J.Q. Alida Chen ^1* Dennis Daniël Wever ¹ Niamh McNamara ¹ Morjana Bourik ¹ Joost Smolders ^1,2 Jörg Hamann ^1,3 Inge Huitinga ^1,4

• ¹ Neuroimmunology Research Group, Netherlands Institute for Neuroscience (KNAW), Amsterdam, Netherlands
• ² Multiple Sclerose Center, Erasmus Medical Center, Rotterdam, Netherlands
• ³ Department of Experimental Immunology, Academic Medical Center, Amsterdam, Noord-Holland, Netherlands
• ⁴ Center for Neuroscience, Swammerdam Institute for Life Sciences, University of Amsterdam, Amsterdam, Gelderland, Netherlands

Remyelination of demyelinated axons can occur as an endogenous repair mechanism in multiple sclerosis (MS), but its efficacy varies between both MS individuals and lesions. The molecular and cellular mechanisms that drive remyelination remain poorly understood. Here, we studied the relation between microglia activation and remyelination activity in MS. We correlated regenerative (CD163+) and inflammatory (iNOS+) microglia with BCAS1+ oligodendrocytes, subdivided into early-stage (<3 processes) and late-stage (>3 processes) cells in brain donors with high or low remyelinating potential in remyelinated lesions and active lesions with ramified/amoeboid (non-foamy) or foamy microglia. A cohort of MS donors categorized as efficiently remyelinating donors (ERDs; n=25) or poorly remyelinating donors (PRDs; n=17) was included, based on their proportion of remyelinated lesions at autopsy. We hypothesized more CD163+ microglia and BCAS1+ oligodendrocytes in remyelinated and active non-foamy lesions from ERDs and more iNOS+ microglia with fewer BCAS1+ oligodendrocytes in active foamy lesions from PRDs.

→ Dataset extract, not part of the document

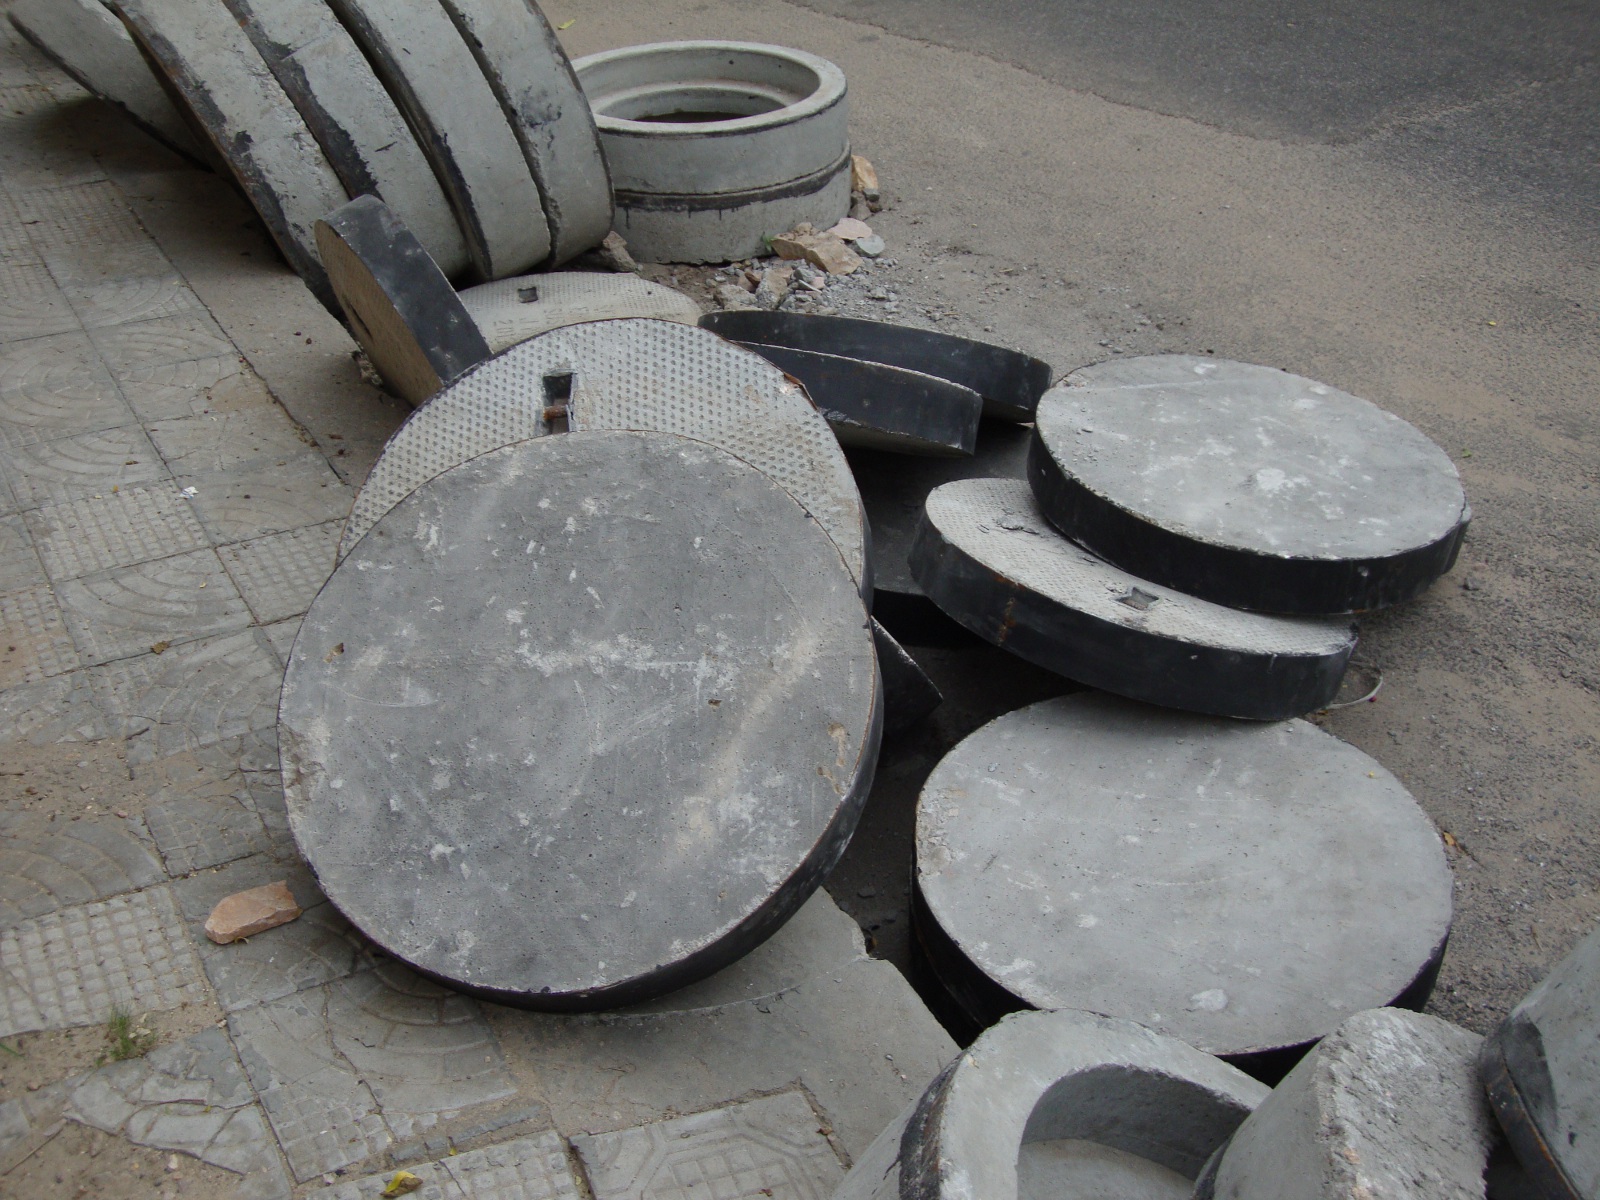 Concrete manhole covers in India.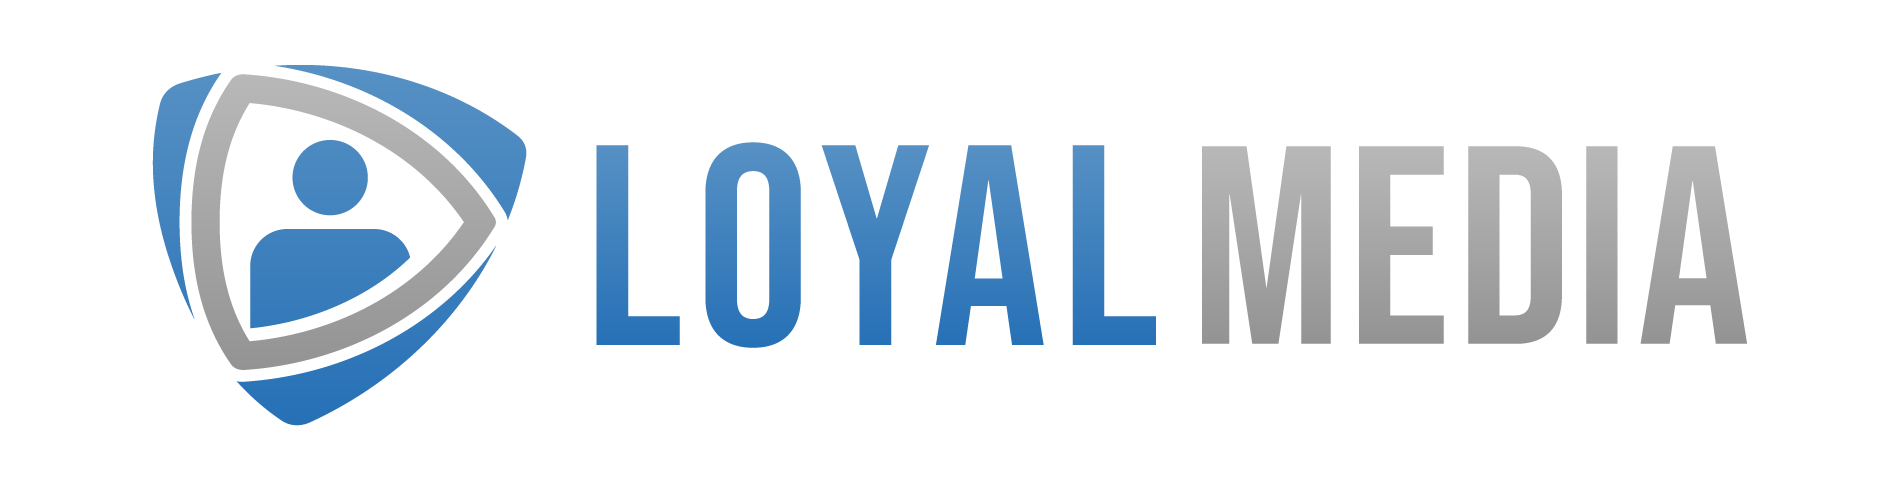 Loyal Media Logo by Florian Pelzer

For CD163+ microglia, however, no differences were observed between MS lesions and MS donor groups. In line with our hypothesis, we found that INOS+ microglia were significantly increased in PRDs compared to ERDs within remyelinated lesions. MS lesions, more late-stage BCAS1+ oligodendrocytes were detected in active lesions with non-foamy or foamy microglia in comparison with remyelinated lesions. Although no differences were found for early-stage BCAS1+ oligodendrocytes between MS lesions, we did find significantly more early-stage BCAS1+ oligodendrocytes in PRDs vs ERDs in remyelinated lesions. Interestingly, a positive correlation was identified between iNOS+ microglia and the presence of early-stage BCAS1+ oligodendrocytes. These findings suggest that impaired maturation of early-stage BCAS1+ oligodendrocytes, encountering inflammatory microglia, may underlie remyelination deficits and unsuccessful lesion repair in MS.